[Records contained in a dataset]
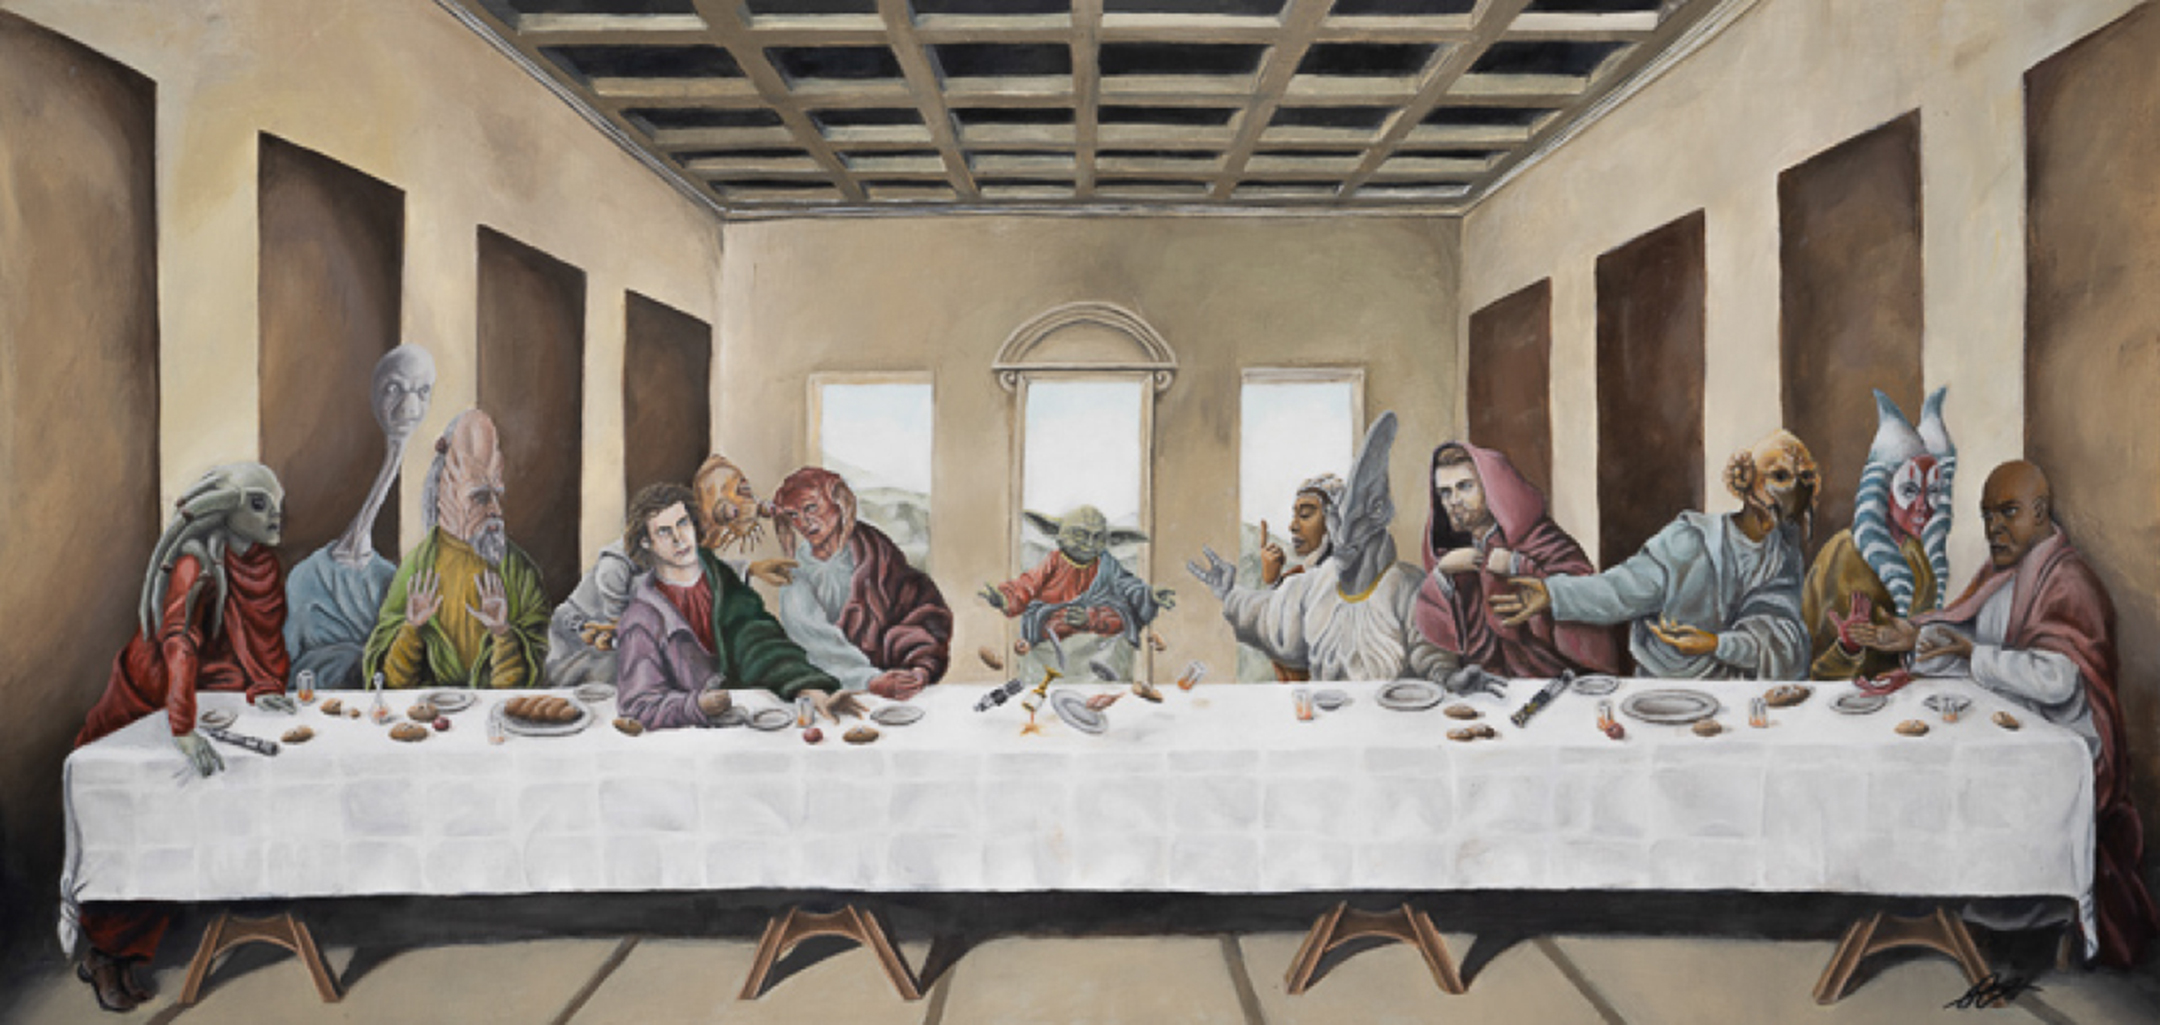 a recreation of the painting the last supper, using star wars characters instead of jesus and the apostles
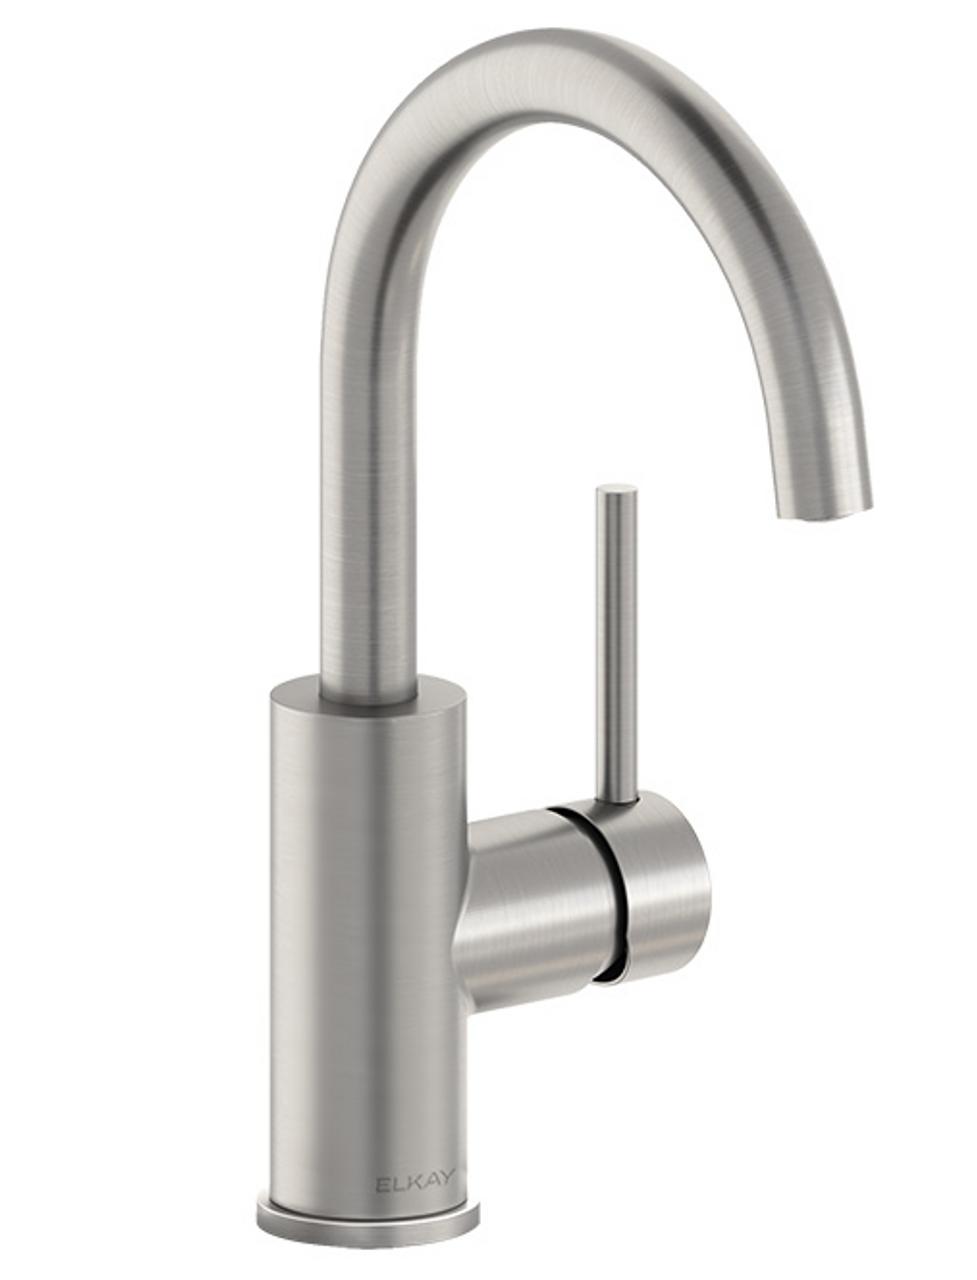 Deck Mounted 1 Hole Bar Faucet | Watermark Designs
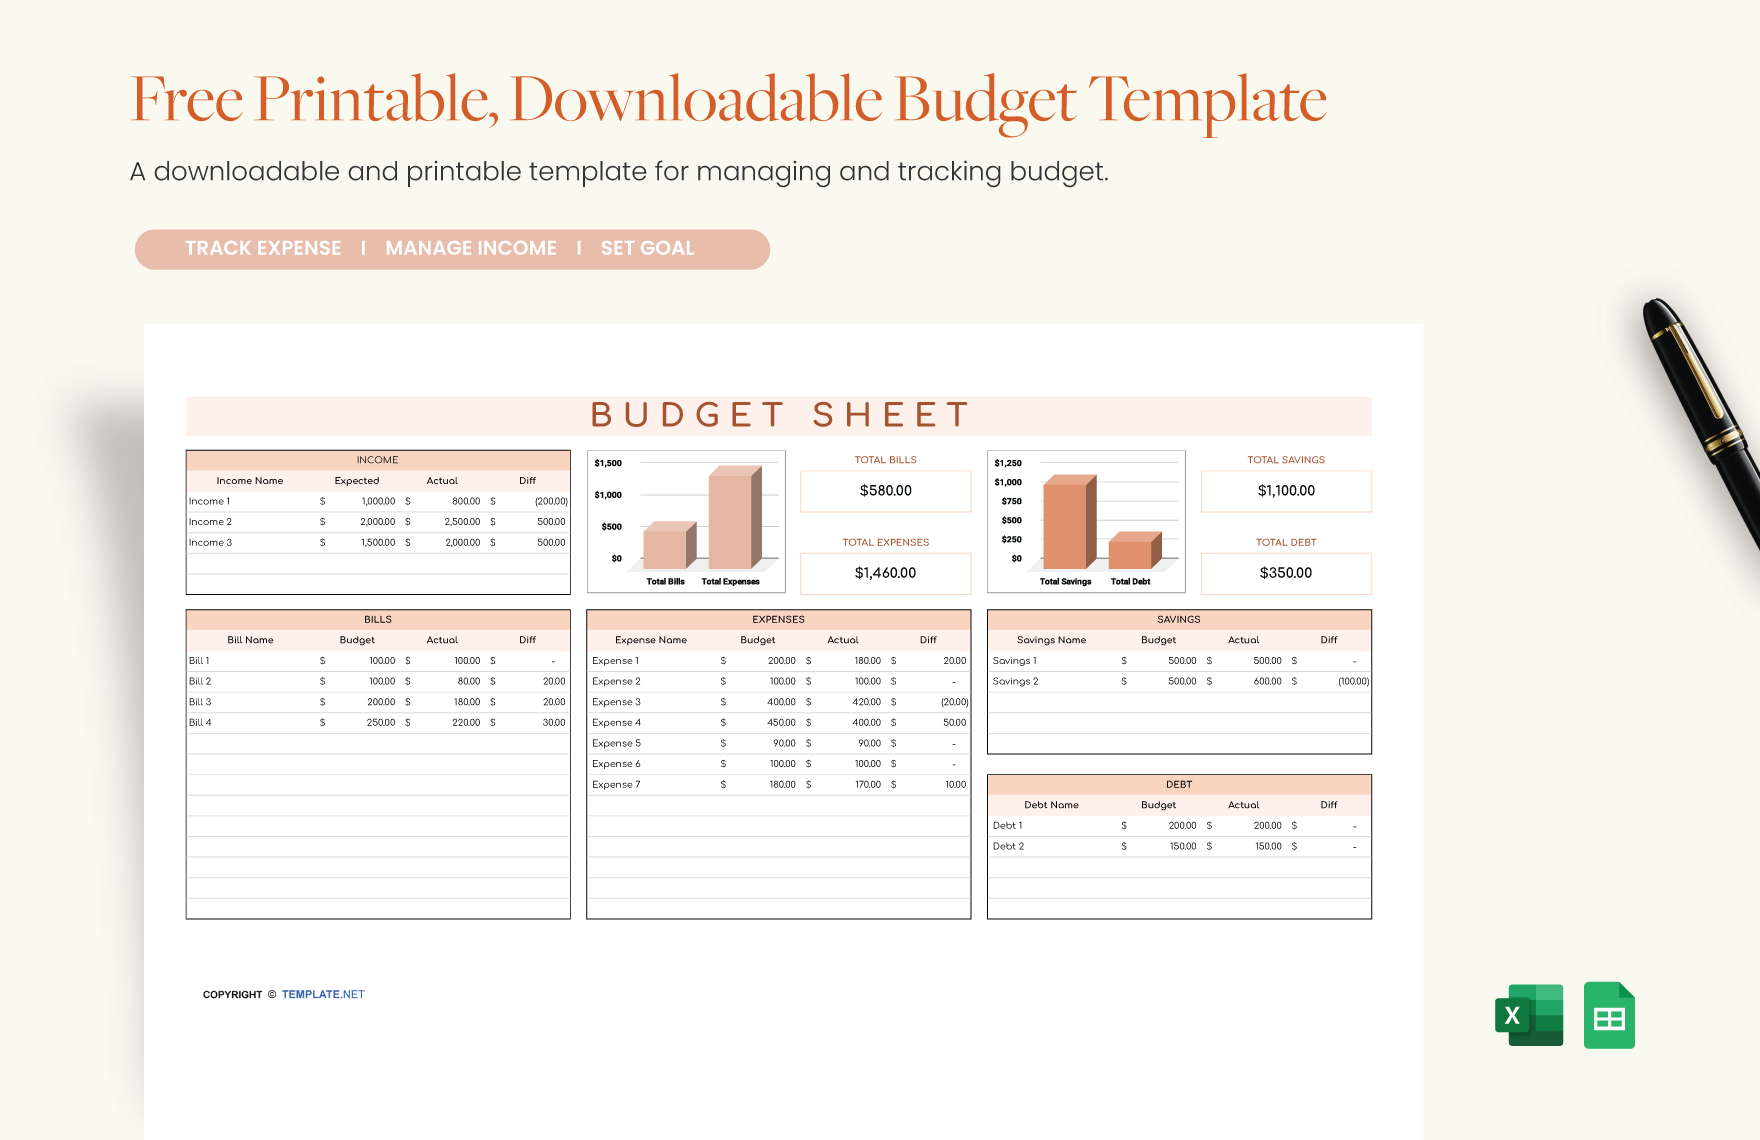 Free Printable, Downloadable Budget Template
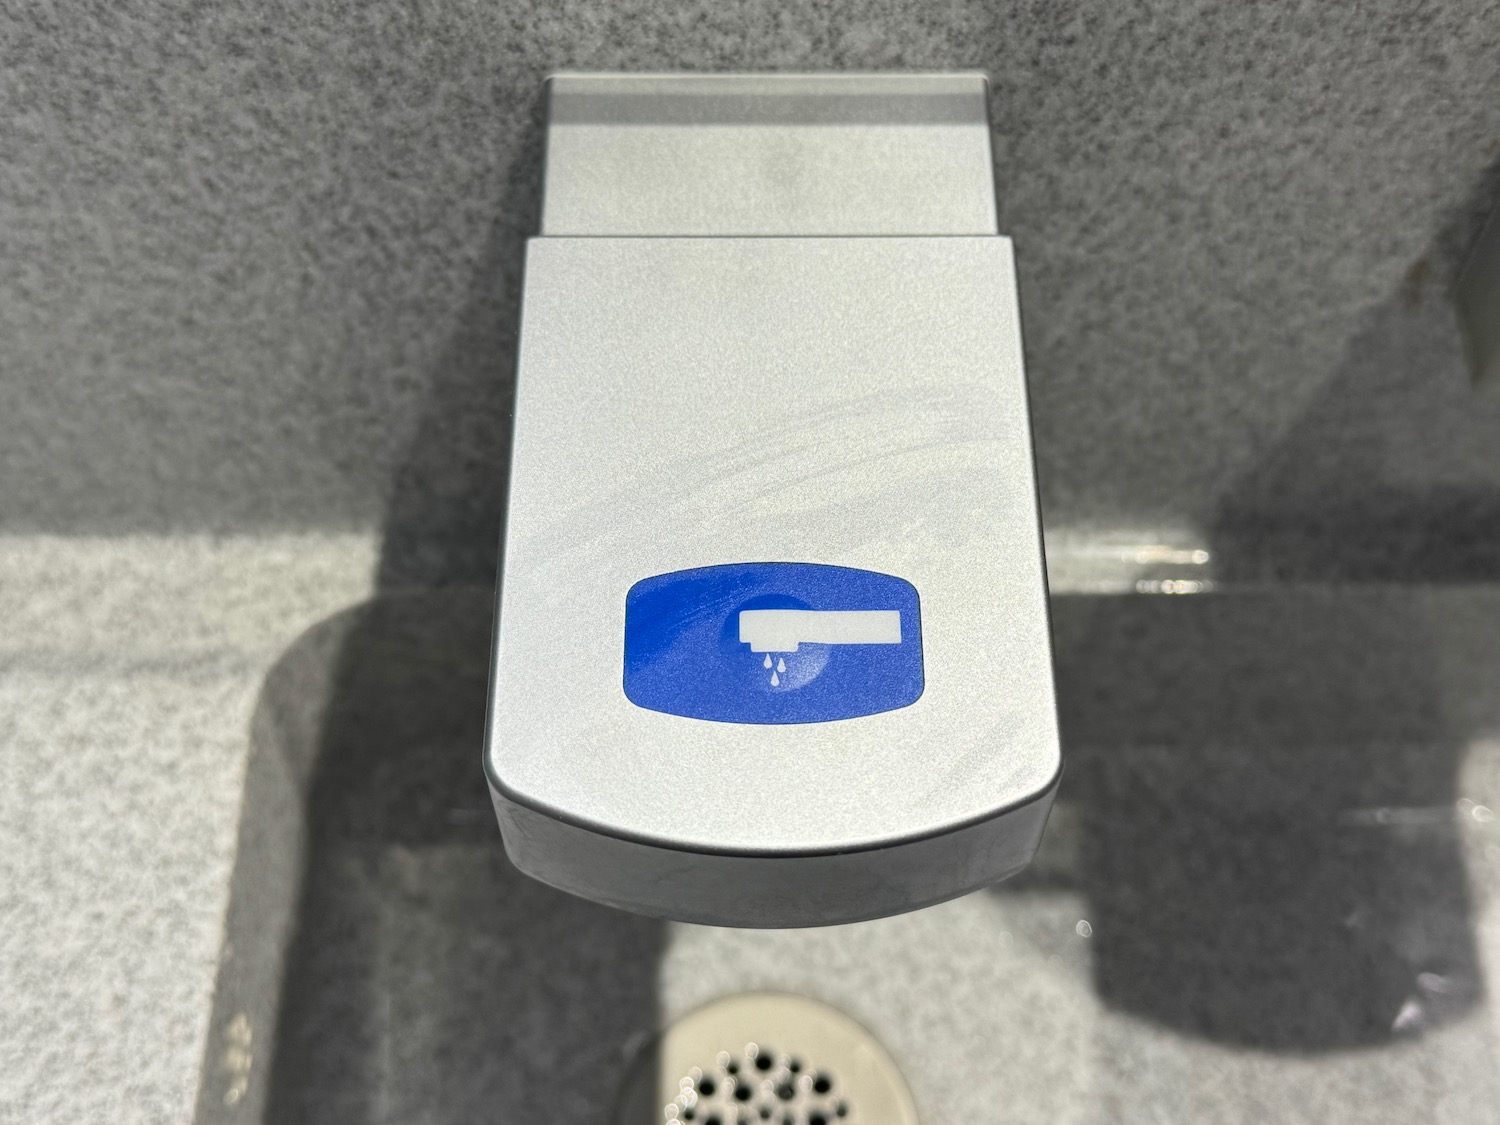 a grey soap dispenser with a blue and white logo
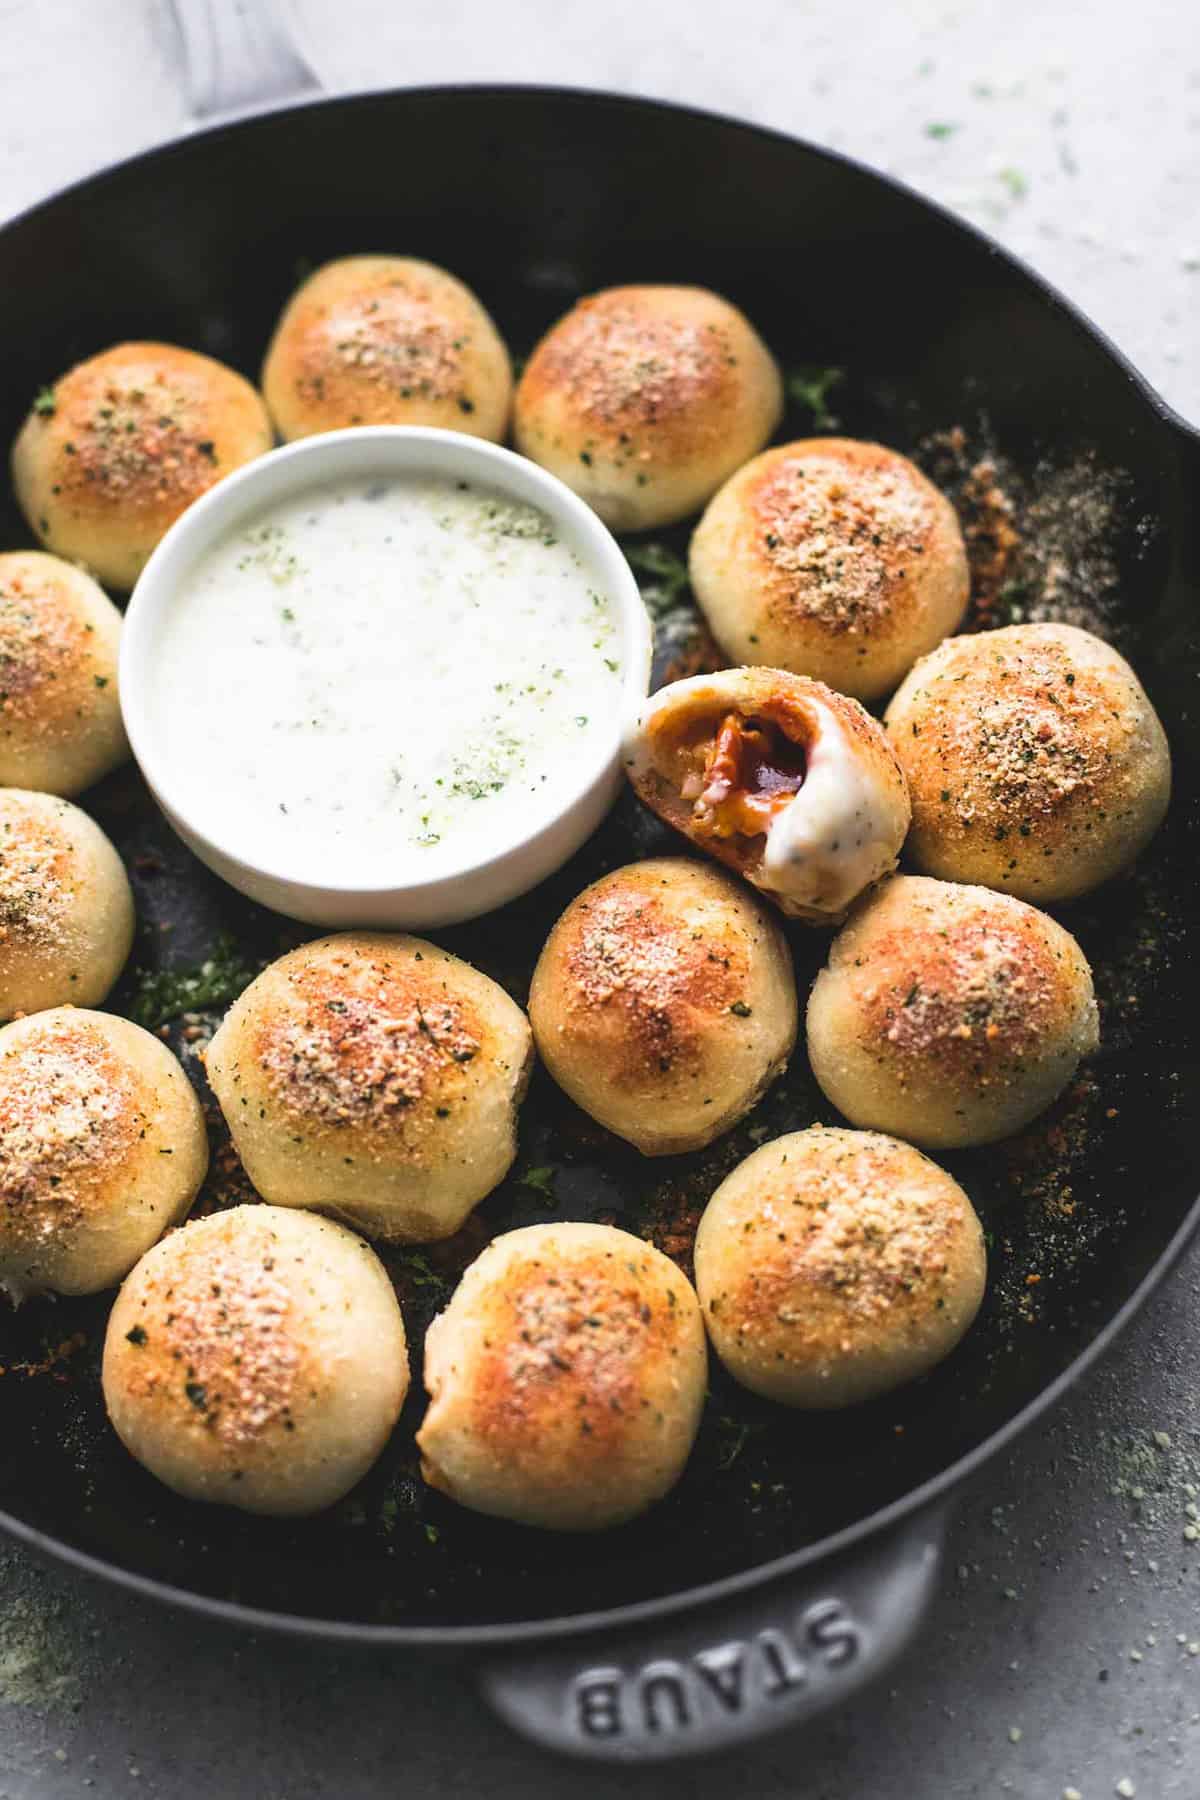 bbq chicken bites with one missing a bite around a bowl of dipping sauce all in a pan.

#### Assigned task
Print, please, exactly the lines from the one holding "Deck Mounted 1" through the final line of the data, both included, while leaving out each picture.

#### Response box
 Deck Mounted 1 Hole Bar Faucet | Watermark Designs
 Free Printable, Downloadable Budget Template
 a grey soap dispenser with a blue and white logo
 bbq chicken bites with one missing a bite around a bowl of dipping sauce all in a pan.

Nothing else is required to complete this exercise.